Abstract

Field relations on the surfaces of the Holocene Big and Little Glass Mountain rhyolitic obsidian flows in northern California suggest that regularly spaced areas of coarsely vesicular pumice are diapirs which rose from the base of the flow in response to a density inversion inherent in the flow stratigraphy. The flows contain three lithologic units, defined on the bases of color, texture, and specific gravity, which are arranged in the following vertical sequence: a basal layer of coarsely vesicular, brownish grey pumice ( ρ∼- 0.8 to 2.0), a central core of black, glassy obsidian ( ρ ∼- 2.2), and a surface crust of white to pinkish grey, finely vesicular pumice ( ρ ∼- 2.0).

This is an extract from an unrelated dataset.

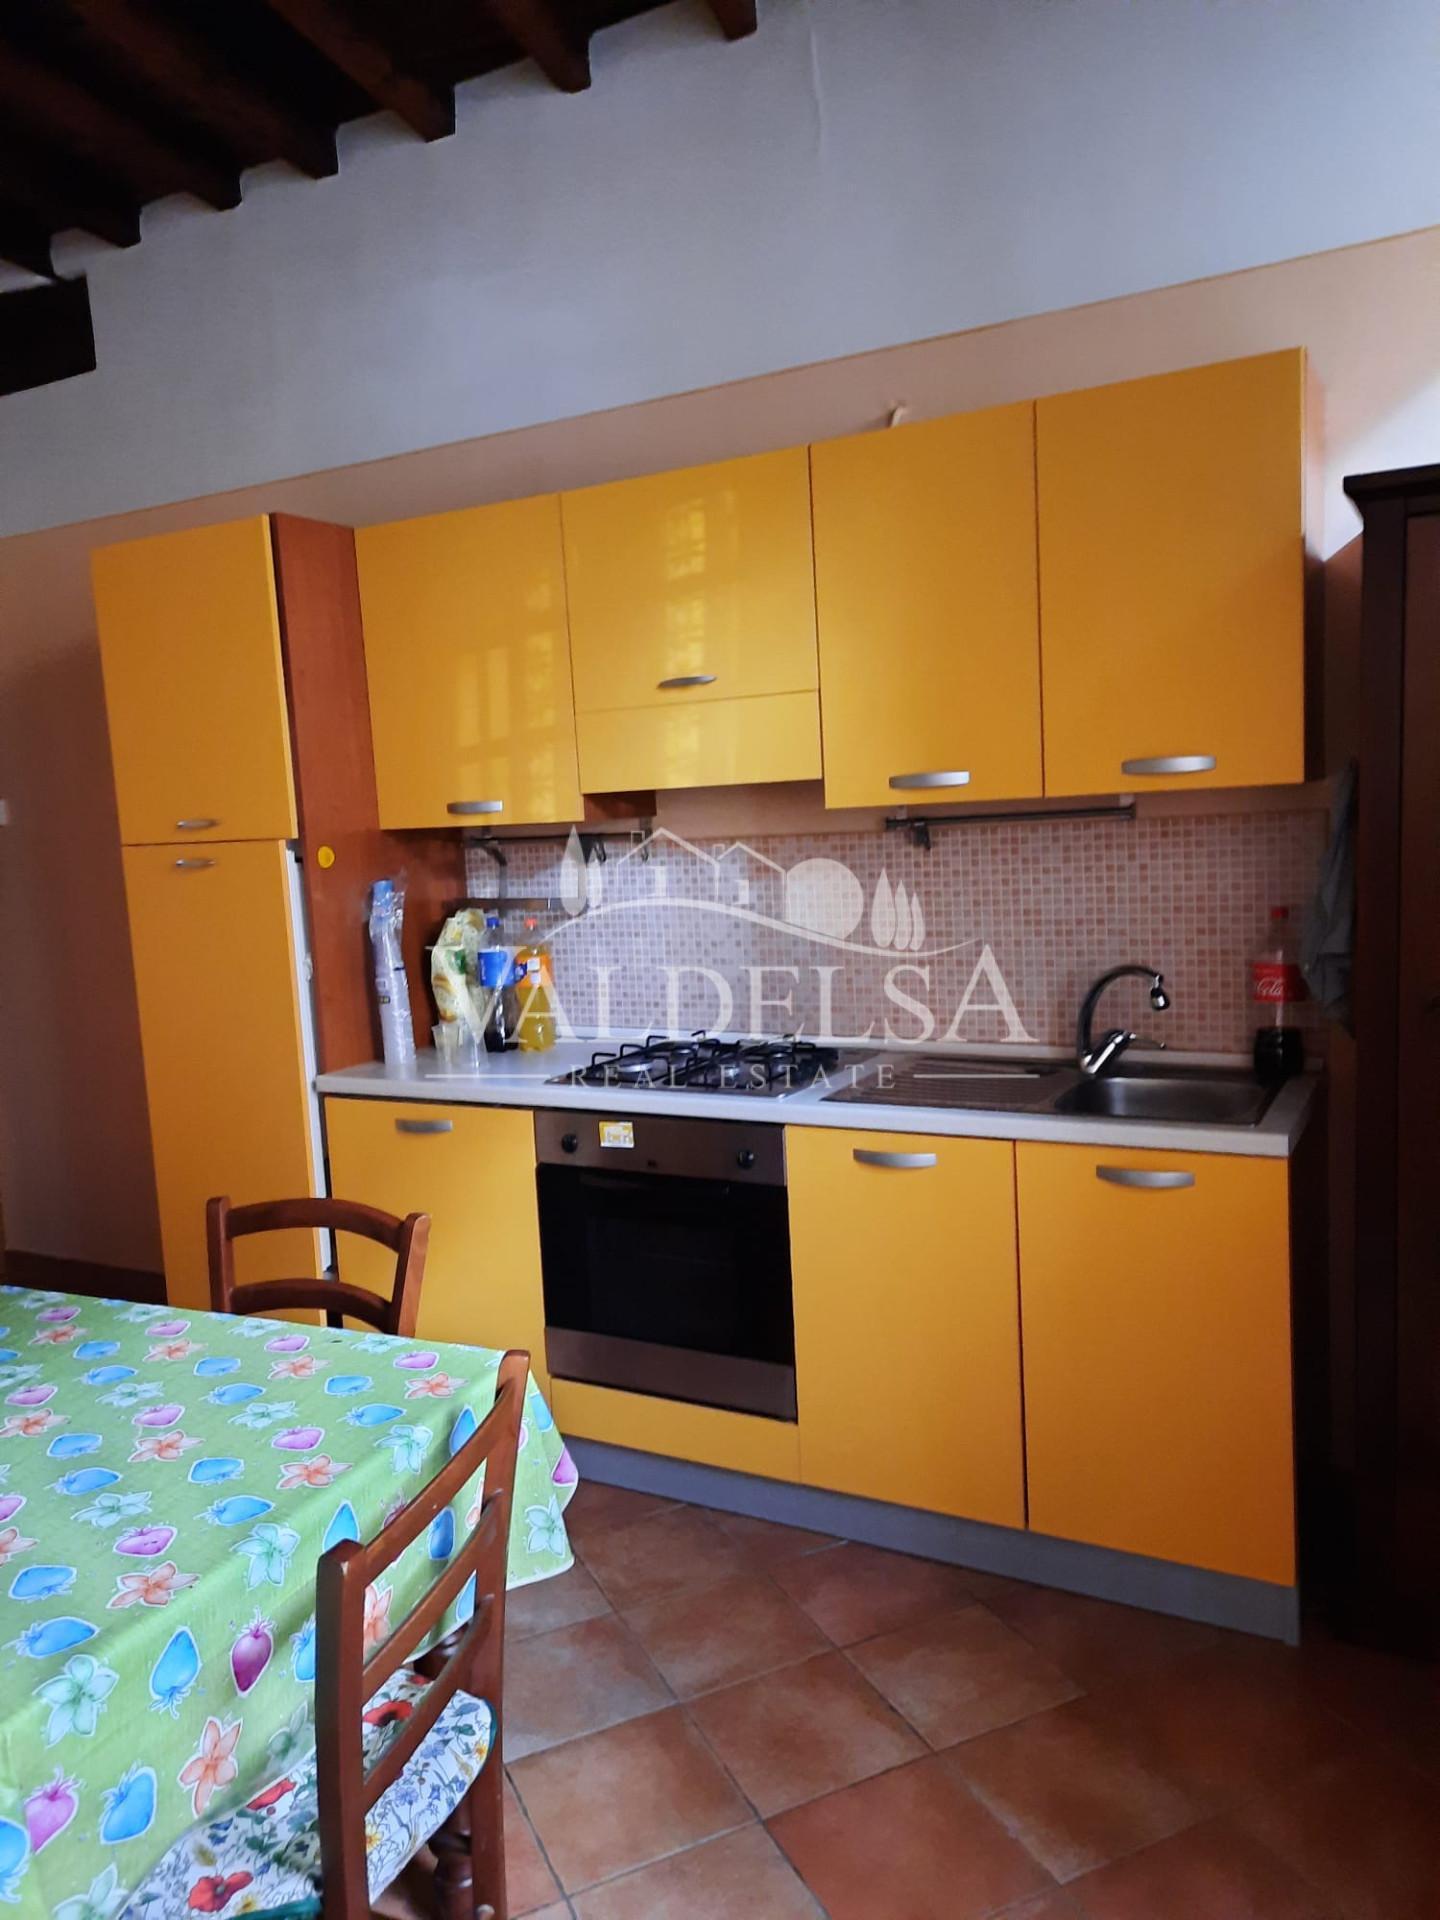 Apartment for rent in Barberino Val d'Elsa (FI)
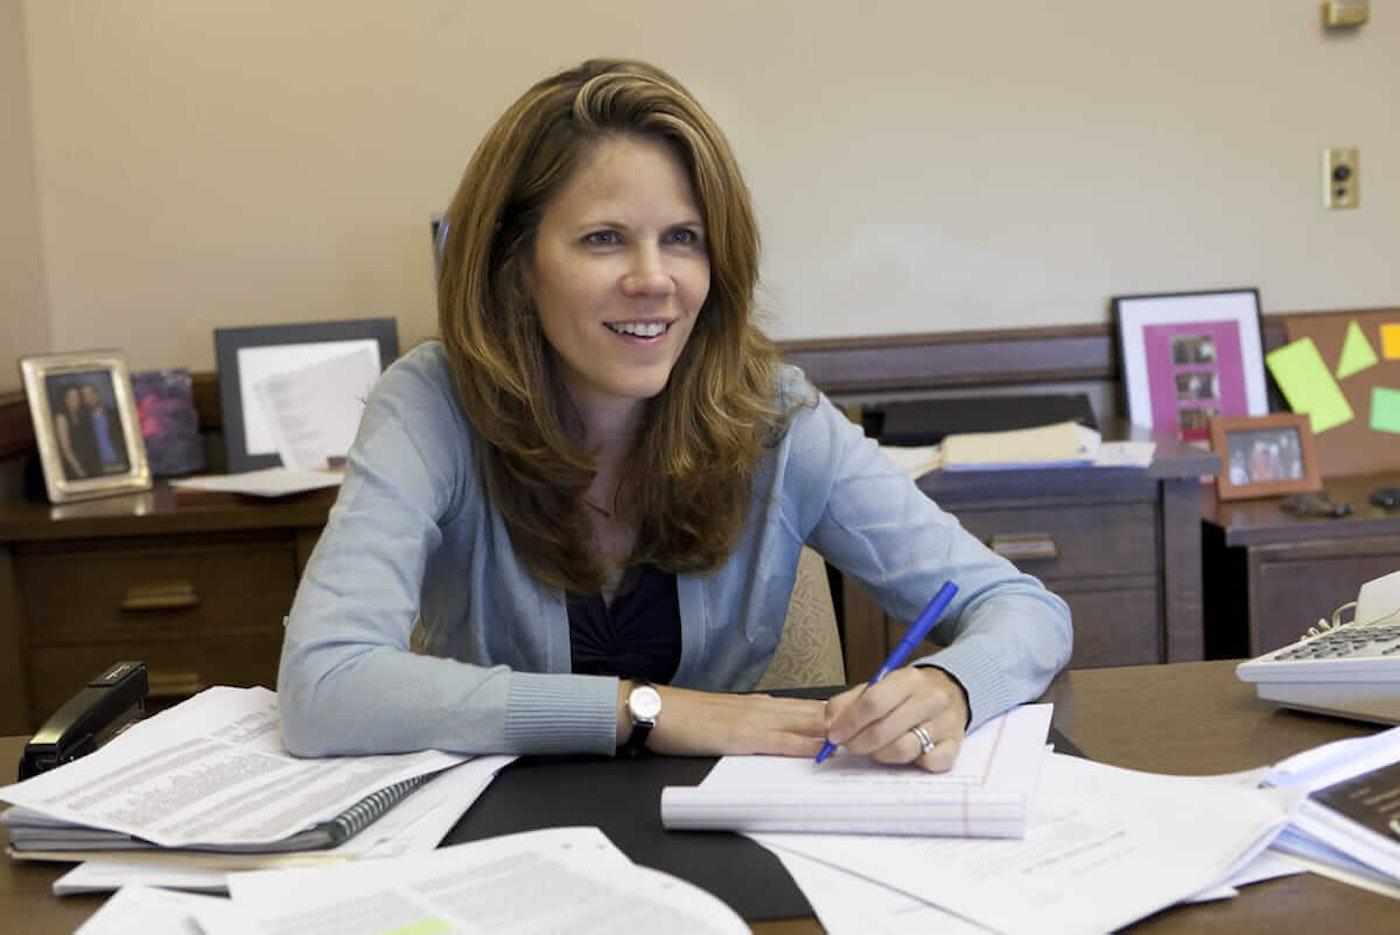 Rep. Chris Taylor to Replace Karofsky as Dane County Judge

The flows were modeled as multilayered fluid systems with unstable density stratifications, and the spacings of coarse pumice diapirs were equated with the dominant wavelengths of viscous folding theory. Wavelengths of 45 m, 56 m, and 104 m were calculated using measurements of unit thicknesses and estimates of viscosity ratios for the three lobes. Dome spacings of 43 m, 70 m, and 60 m were measured on the same three flow lobes. Discrepancies between predicted and measured spacings are attributed to local variations in thicknesses and viscosities of the flow units. Elongation and surface folding of diapirs are cited as evidence that they emerged before the flows stopped moving.